﻿ Number Theory III

# Emmanuel Lecouturier

## Course Description

A well-known result, first conjectured by Girard in 1625, claimed without proof by Fermat in 1640 and finally proved by Euler in 1749, is that an odd prime number p is a sum of two squares of integers if and only if 4 divides p − 1, eg. $$5 = 1^2 + 2^2$$, $$13 = 2^2 + 3^2$$ etc. While one easily sees that $$p = x^2 + y^2$$ implies p ≡ 1 (modulo 4), the converse is not a priori obvious. We may consider other similar questions, eg. when does the equation $$p = x^2 + 14y^2$$ have solutions in $$x, y \in Z$$? The answer turns out to lie much deeper than before.

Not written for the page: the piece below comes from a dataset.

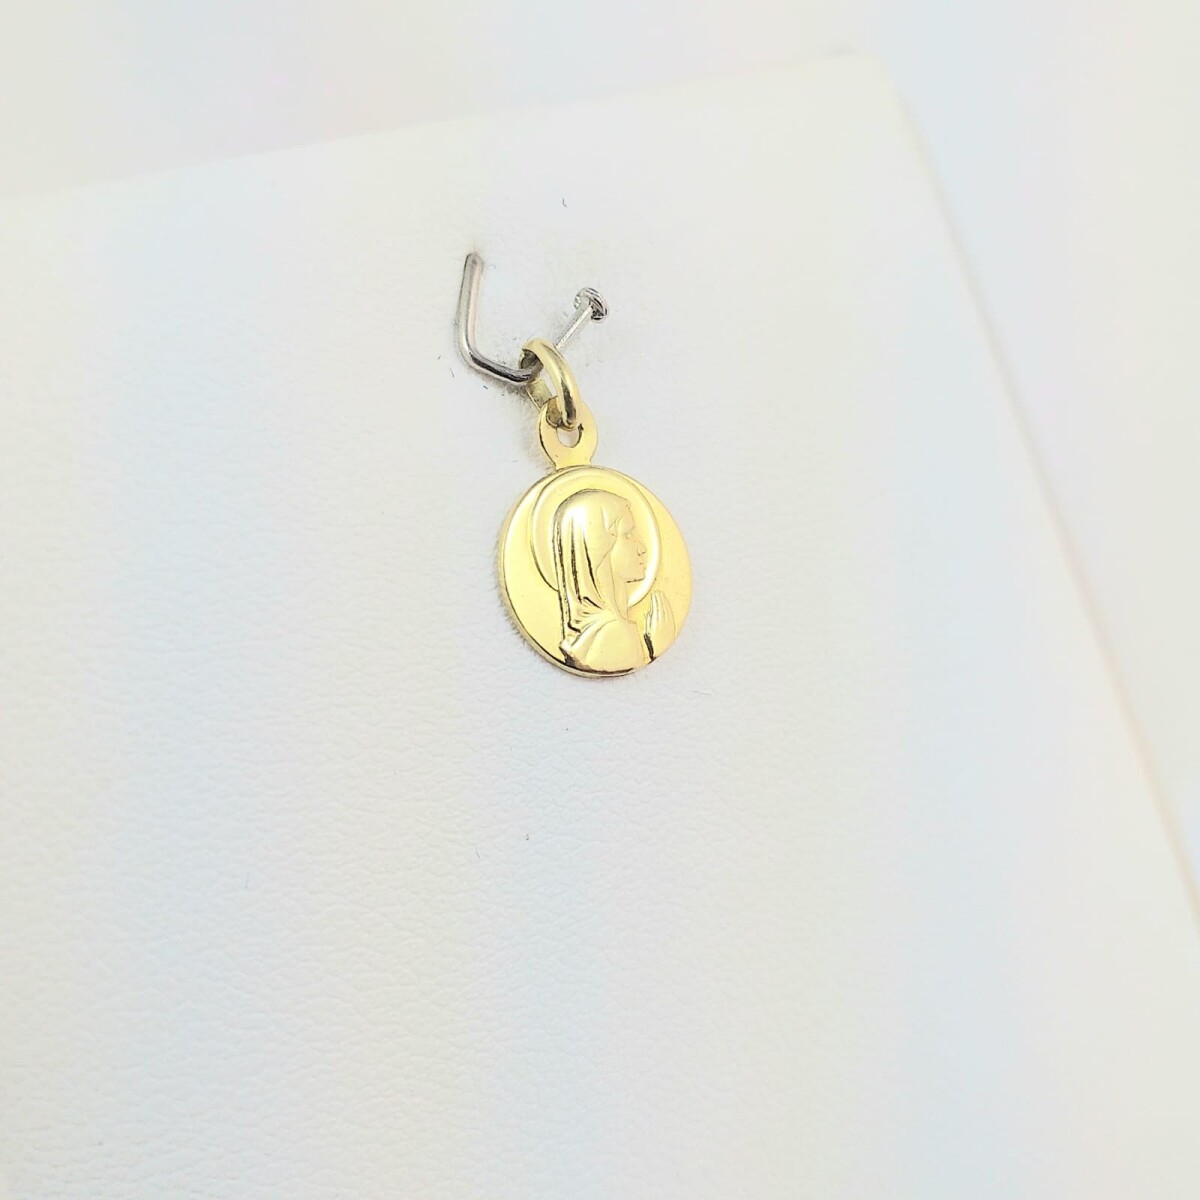 Medalla religiosa de oro 18Ktes, Virgen Niña con manto, diámetro 10mm.

Theorem. A prime number p is of the form x2 +14y2 if and only if the following two conditions hold:

• $$p \equiv 1, 9, 15, 23, 25, 39 \quad (modulo \quad 56).$$
• The equation $$X^4 +2X^2 -7 \equiv 0 \quad (modulo \quad p)$$ has a solution.

The necessity of condition (i) (which is the analogue of p ≡ 1 (modulo 4) in the result of Euler), is easy to show. However, condition (ii) will lead us to what is called class field theory, one of the major mathematical achievements of the 20st century. We hope to make the proof of this theorem accessible to Mathcampers, without assuming much background (namely, some basic knowledge in algebra such as prime numbers, congruences, polynomials and complex numbers). Many fascinating related subjects such as quadratic forms, Galois theory, algebraic number theory etc. will be explored.

Regular homework will be assigned, and one or more accessible research projects will be proposed to the students during the first week of Mathcamp.